Effect of the Magnetorheological Damper Dynamic Behaviour on the Rail Vehicle Comfort: Hardware-in-the-Loop Simulation
Filip Jeniš,
Michal Kubík,
Tomáš Michálek,
Zbyněk Strecker,
Jiří Žáček,
Ivan Mazůrek
Affiliations
Filip Jeniš
Institute of Machine and Industrial Design, Faculty of Mechanical Engineering, Brno University of Technology, Technicka 2, 616 69 Brno, Czech Republic
Michal Kubík
Institute of Machine and Industrial Design, Faculty of Mechanical Engineering, Brno University of Technology, Technicka 2, 616 69 Brno, Czech Republic
Tomáš Michálek
Department of Transport Means and Diagnostics, Faculty of Transport Engineering, University of Pardubice, Studentska 95, 532 10 Pardubice, Czech Republic
Zbyněk Strecker
Institute of Machine and Industrial Design, Faculty of Mechanical Engineering, Brno University of Technology, Technicka 2, 616 69 Brno, Czech Republic
Jiří Žáček
Institute of Machine and Industrial Design, Faculty of Mechanical Engineering, Brno University of Technology, Technicka 2, 616 69 Brno, Czech Republic
Ivan Mazůrek
Institute of Machine and Industrial Design, Faculty of Mechanical Engineering, Brno University of Technology, Technicka 2, 616 69 Brno, Czech Republic
Many publications show that the ride comfort of a railway vehicle can be significantly improved using a semi-active damping control of the lateral secondary dampers. However, the control efficiency depends on the selection of the control algorithm and the damper dynamic behaviour, i.e., its force rise response time, force drop response time and force dynamic range.

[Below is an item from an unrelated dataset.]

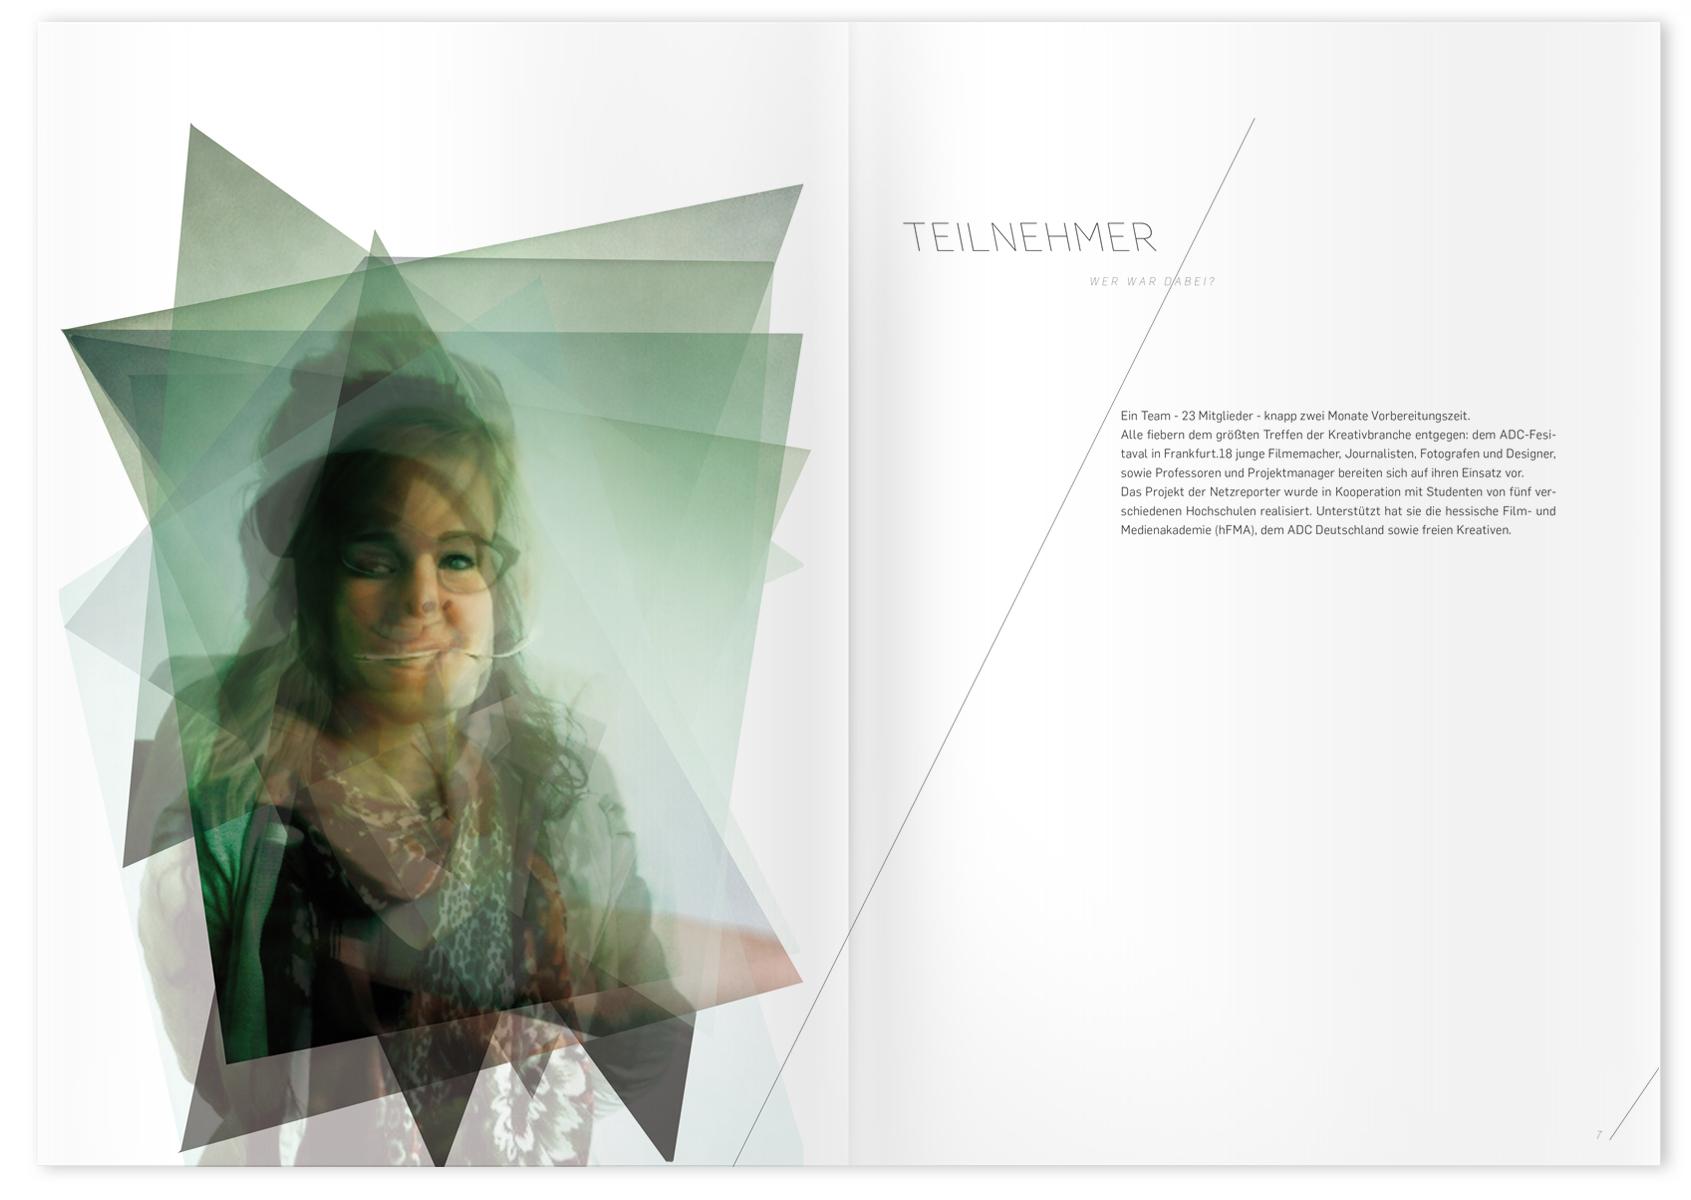 10_hFMA Netzreporter_ADC Festival_Editorial Design_Grafikdesign_Gloria Kison.jpg

This paper examines the influence of these parameters of a magnetorheological (MR) damper on the efficiency of S/A control for several control algorithms. One new algorithm has been designed. Hardware-in-the-loop simulation with a real magnetorheological damper has been used to get close to reality. A key finding of this paper is that the highest efficiency of algorithms is not achieved with a minimal damper response time. Furthermore, the force drop response time has been more important than the force rise response time. The Acceleration Driven Damper Linear (ADD-L) algorithm achieves the highest efficiency. A reduction in vibration of 34% was achieved.